During Coffee with the Chief at Kingdom Coffee, Paul Williams, right, talks shop with Police spokeswoman Lisa Cox and Cpts. Ben King and Greg Higdon.

Day in the Life with Paul Williams

Posted online
Growing up in Detroit, Springfield Police Chief Paul Williams didn’t imagine being a cop anywhere else.

A third-generation policeman – his grandfather was a motorcycle officer in the Motor City – Williams began to consider a new future when over a fourth of the force was laid off in 1980. After he graduated from Northern Michigan University with a bachelor’s in criminal justice, he went south and west in 1981 in search of work and landed a job in Tulsa, Okla.

“I had no connection to the city,” he says, but he put down roots.

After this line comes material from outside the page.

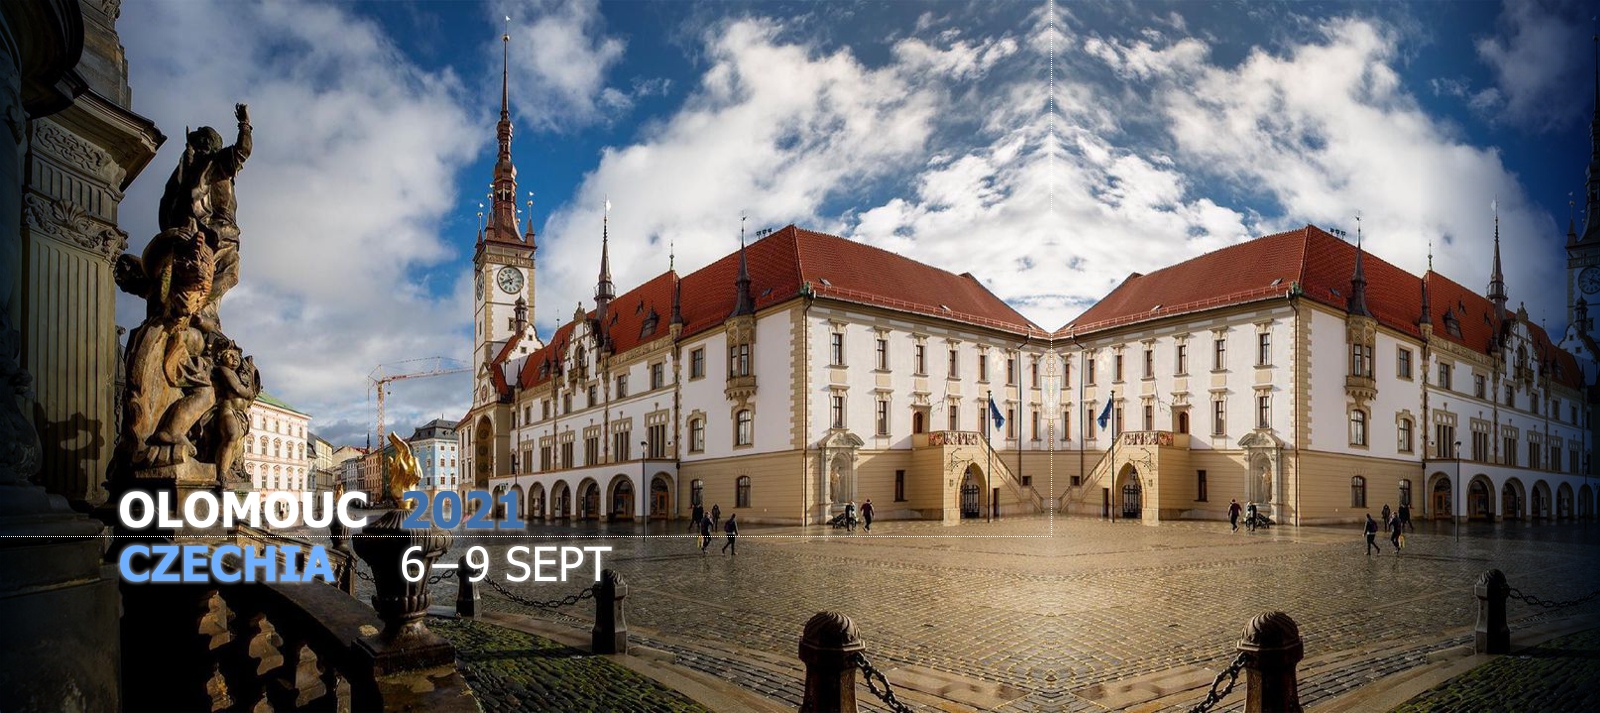 Olomouc: Horní náměstí (Upper Square)

Williams’ wife is from northeast Oklahoma. When he moved in 2010 to take the top job in Springfield, he had earned the rank of major. He was familiar with Springfield, and it was a safe place with two young kids, then 7 and 12.

“It wasn’t a place where I had to come and fix a bunch of problems,” he says, sipping on a cup of black coffee.

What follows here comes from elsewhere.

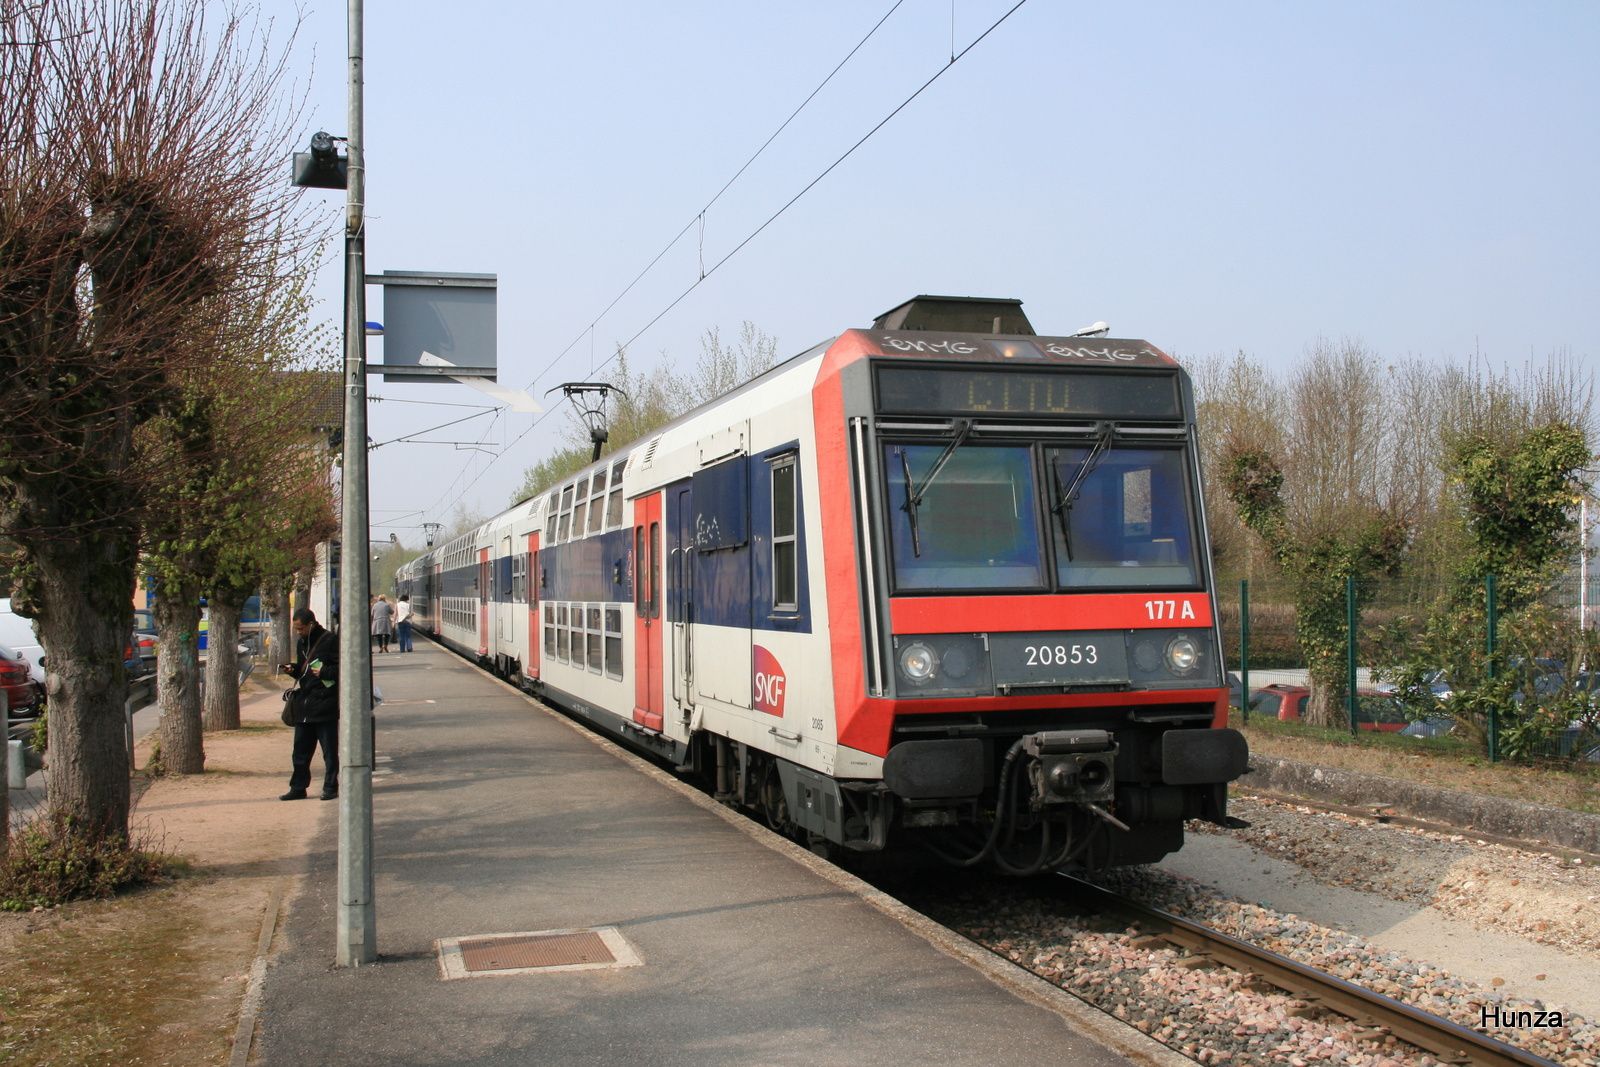 Faremoutiers Pommeuse : train ligne P à destination de Coulommiers assuré en Z 20853 (22 avril 2012)

On May 18, an impromptu staff meeting broke out with Zone I and Zone II commanders Cpts. Ben King and Greg Higdon as Williams sat at the big table at Kingdom Coffee downtown. He was there beginning at 7 a.m. sharp for Coffee with the Chief, a monthly ritual his staff has deemed a good place to get in his ear. The venue, started as a way to introduce him to the community, moves to different parts of town. It would have gone by the wayside years ago, but former Councilwoman Cindy Rushefsky encouraged him to stay with it.

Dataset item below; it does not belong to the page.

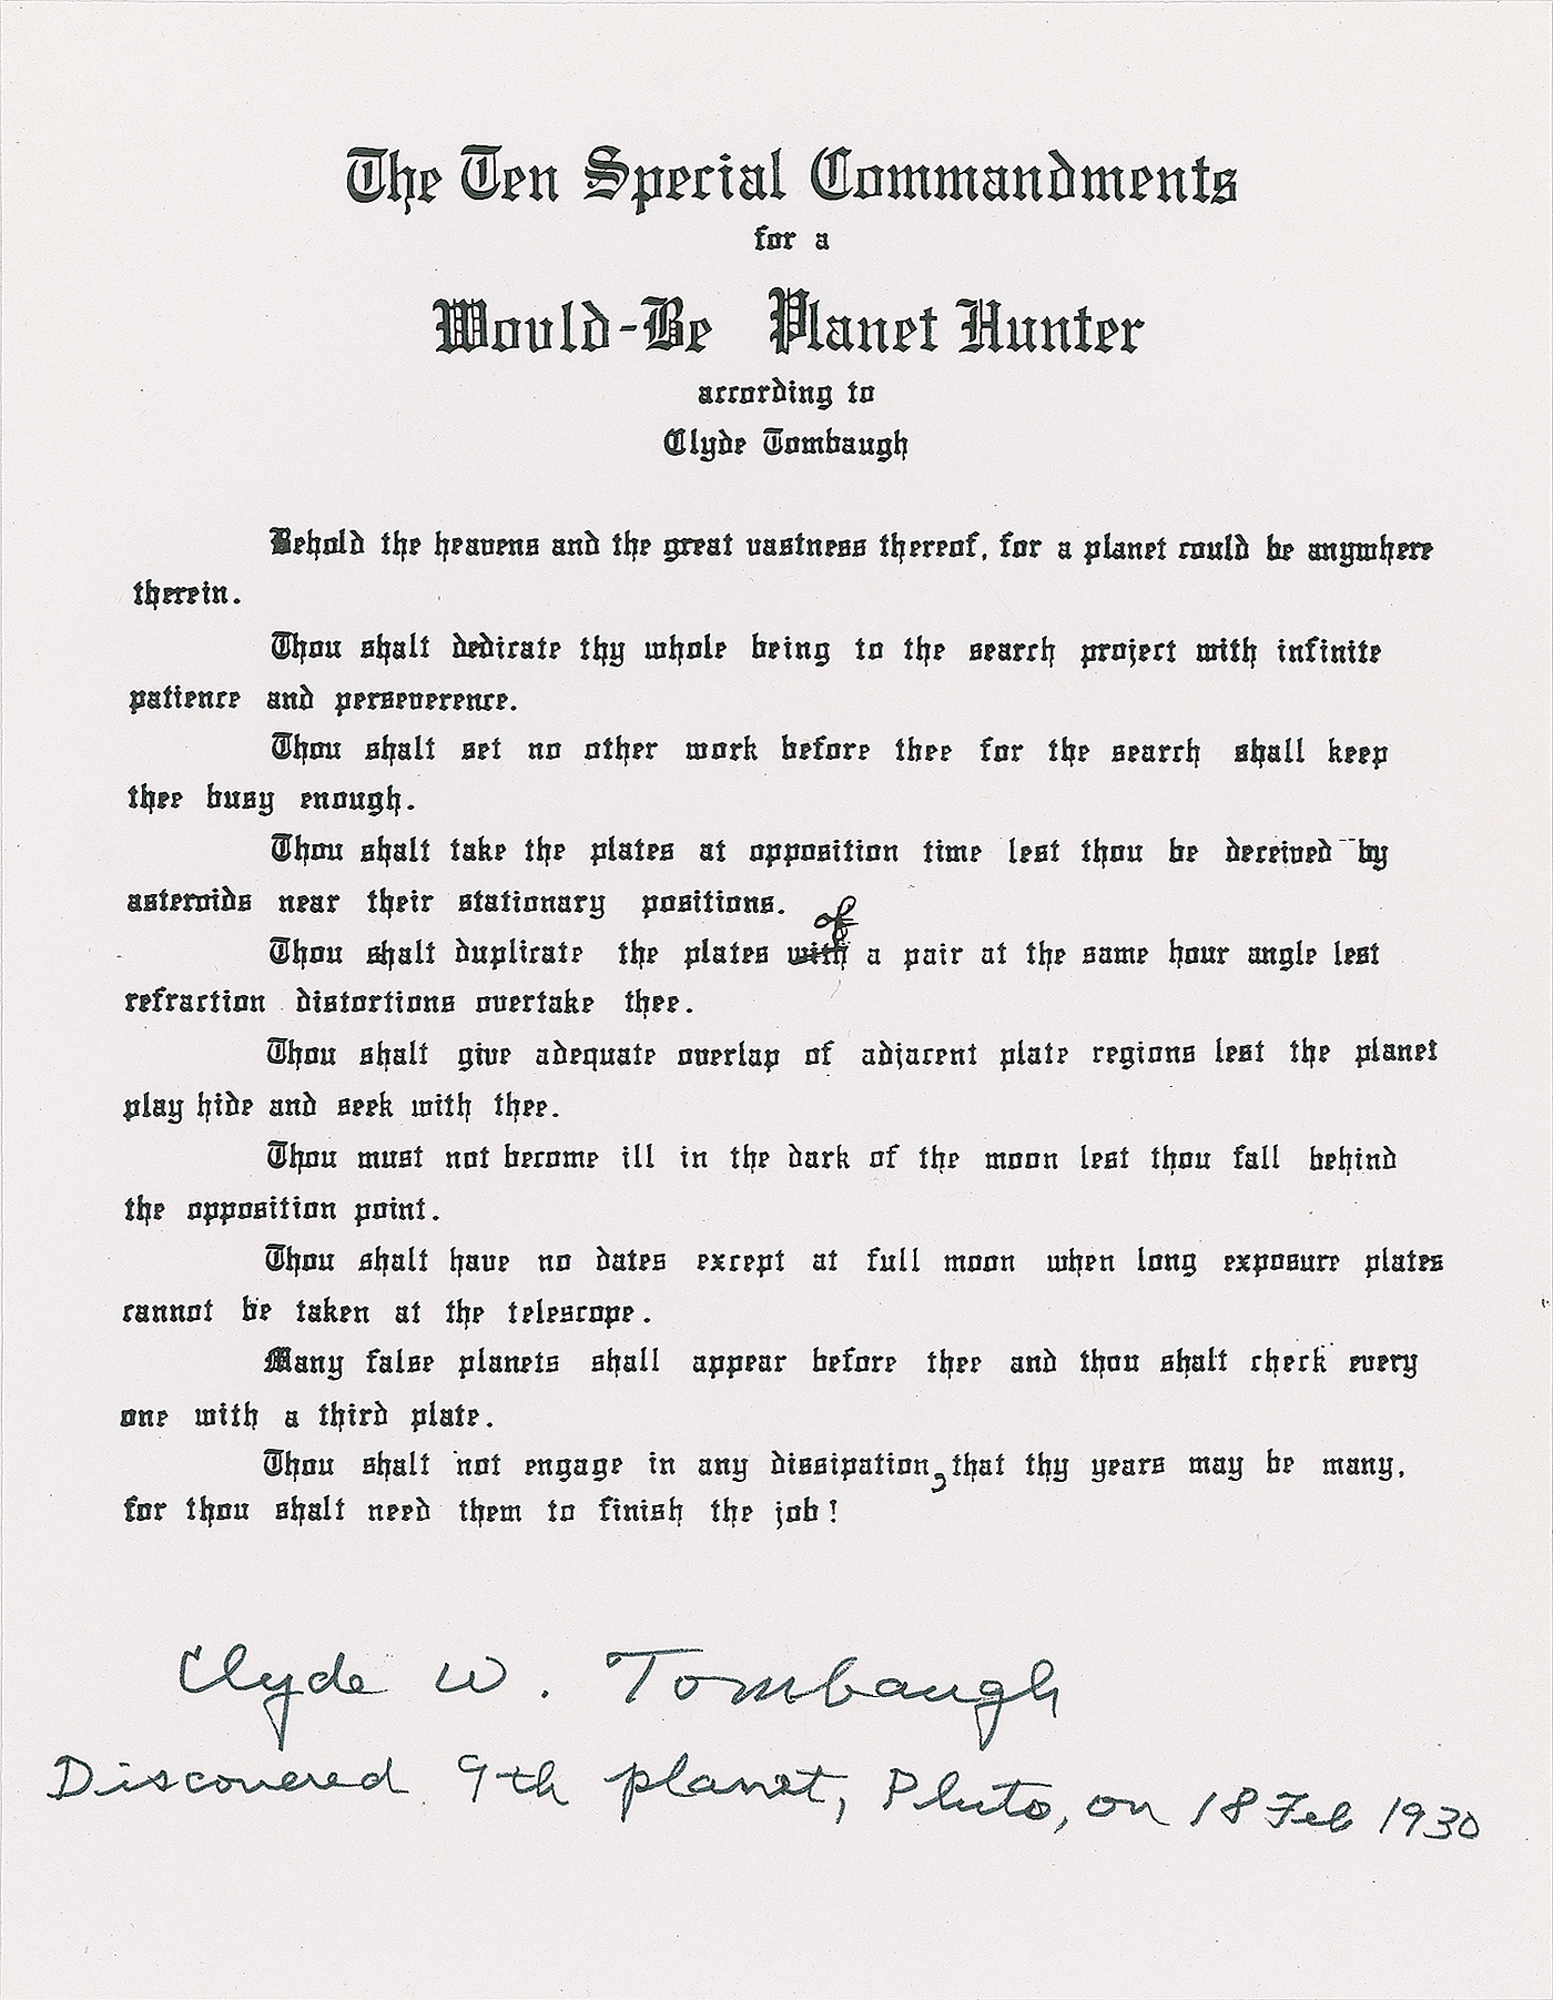 Lot #468 Clyde W. Tombaugh Signed Souvenir

Williams, who has chatted with as many as 30 folks at the event, learned not to order breakfast after a visit to Anton’s. “You can’t talk and eat biscuits and gravy,” he says.

But beware: If you want time with Williams, order coffee or biscotti. The chief is known to stop a conversation cold if you’re not going to support the venues that host him.
  
On this Wednesday, just one customer stops to talk – criminal defense attorney James Hayes. They chat about overcrowding at the jail and the new plan to transport accused criminals to Taney and Miller counties.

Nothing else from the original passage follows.